Searchable abstracts of presentations at key conferences in endocrinology
Endocrine Abstracts (2015) 37 GP13.04 | DOI: 10.1530/endoabs.37.GP.13.04


1University of Cordoba, Cordoba, Spain; 2Instituto Maimonides de Investigacion Biomedica de Cordoba (IMIBIC), Cordoba, Spain; 3CIBERobn, Cordoba, Spain; 4University of Santiago de Compostela, Santiago de Compostela, Spain.

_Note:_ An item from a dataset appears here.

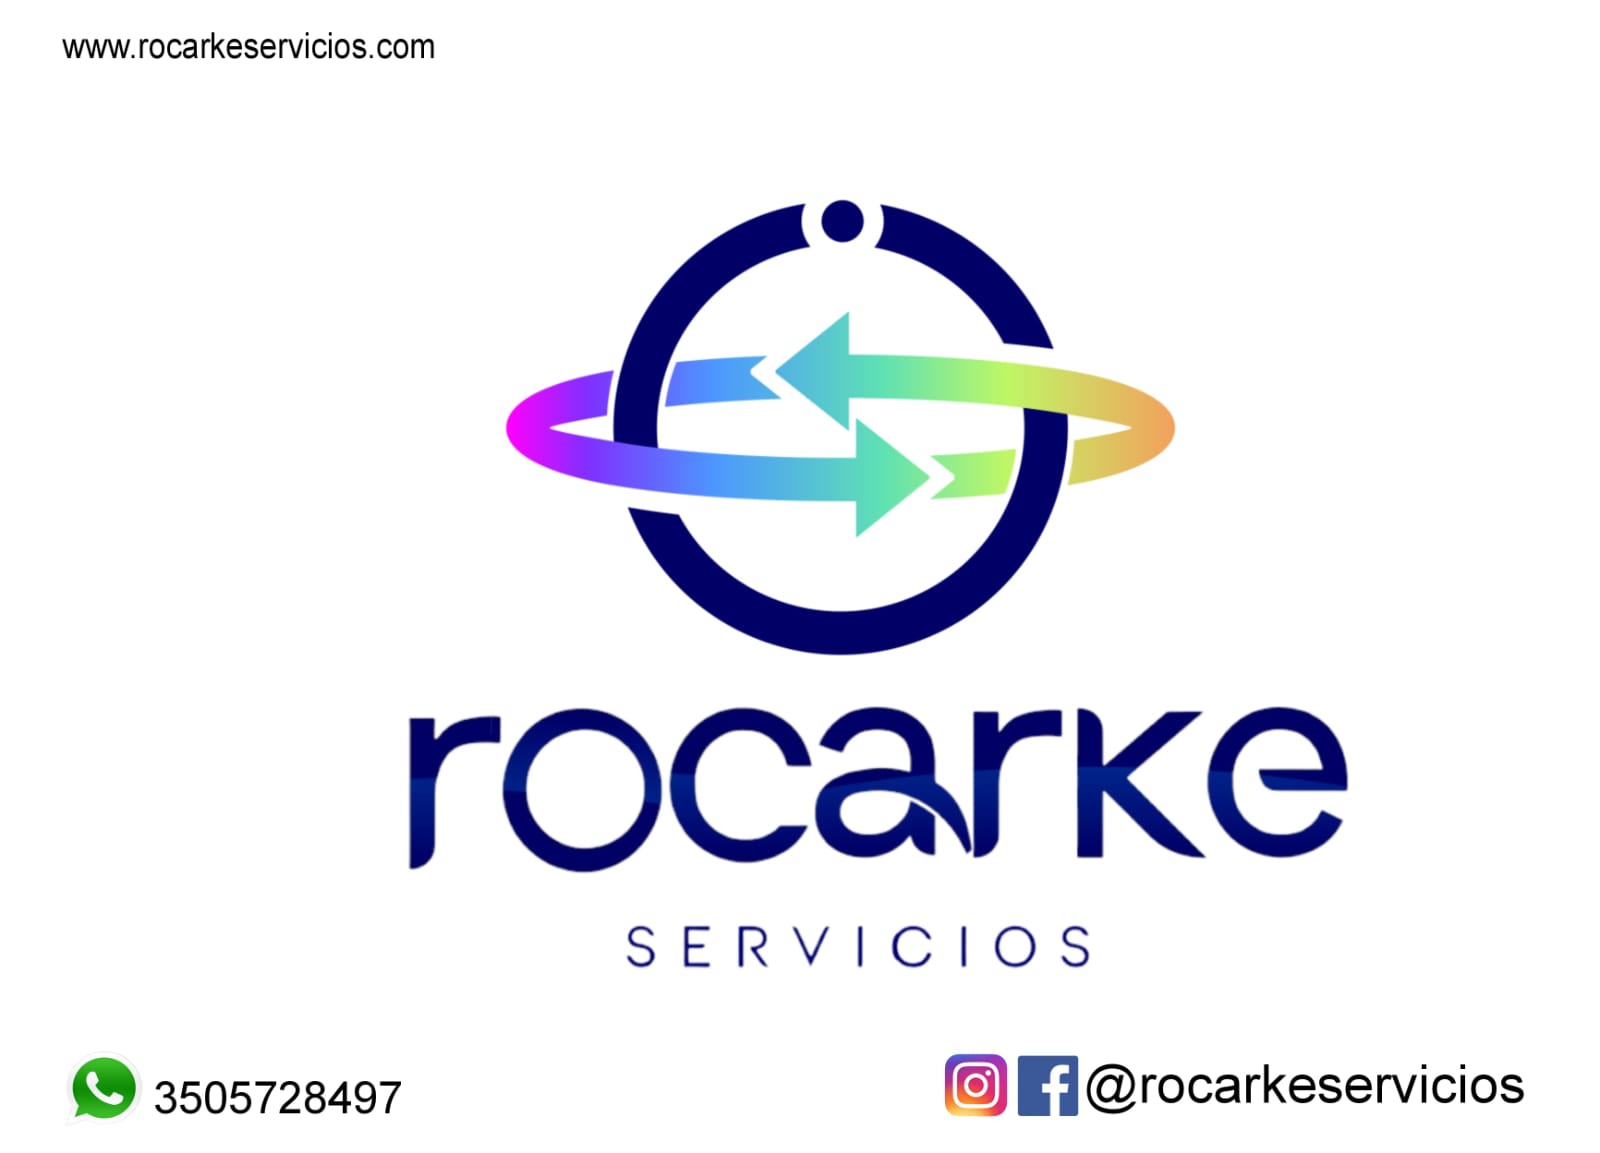 Rocarke Servicios inició en 2019

While female fertility is known to be sensitive to conditions of low body fuel reserves, the reproductive consequences of persistent energy excess remain ill defined. Yet, the pandemic proportions of obesity, and its potential impact on the gonadotropic axis, call for a better understanding of this phenomenon. Alike, the influence of ovarian hormones on the pathophysiology of obesity and its complications merits further investigation. In this work, we aimed to elucidate the metabolic and reproductive/gonadotropic impact of various obesogenic insults in the female rat, with special attention to the influence of the loss of ovarian secretion, as model of menopause. To this end, we implemented a series of neuroendocrine studies on the metabolic and gonadotropic consequences of sequential obesogenic insults, namely, postnatal over-nutrition (SL) and high fat diet (HFD) after weaning, in gonadal-intact and ovariectomized (OVX) female rats. In young (4-mo) cyclic females, SL or HFD caused similar increases in body weight; yet, only HFD evoked additional metabolic perturbations, some of which were worsened by precedent SL. In addition, HFD caused a concomitant decrease in LH and estradiol levels, and suppressed Kiss1 expression in the arcuate nucleus (ARC) of the hypothalamus in 4-mo females, while persistent HFD up to 10-mo induced also suppression of LH responses to kisspeptin-10. OVX caused a severe and rapid deterioration of the metabolic profile, with overweight, increased energy intake and deregulation of leptin and glucose/insulin levels; effects whose magnitude was similar, if not higher than HFD. Summation of previous obesogenic insults maximally increased body weight, basal leptin, insulin and glucose levels, and glucose intolerance. Yet, OVX obliterated the inhibitory effects of overweight/ HFD on gonadotropin levels and ARC Kiss1 expression, which were heightened due to the loss of negative feedback. In sum, our study characterizes the metabolic and gonadotropic effects of sequential exposures to obesogenic insults, and their interactions with ovarian secretions. Our data document the deleterious consequences of overweight on the female gonadotropic axis, via impairment of Kiss1 system, and substantiate the dramatic impact of OVX, as menopausal model, on the metabolic profile, especially when combined with preceding obesogenic insults.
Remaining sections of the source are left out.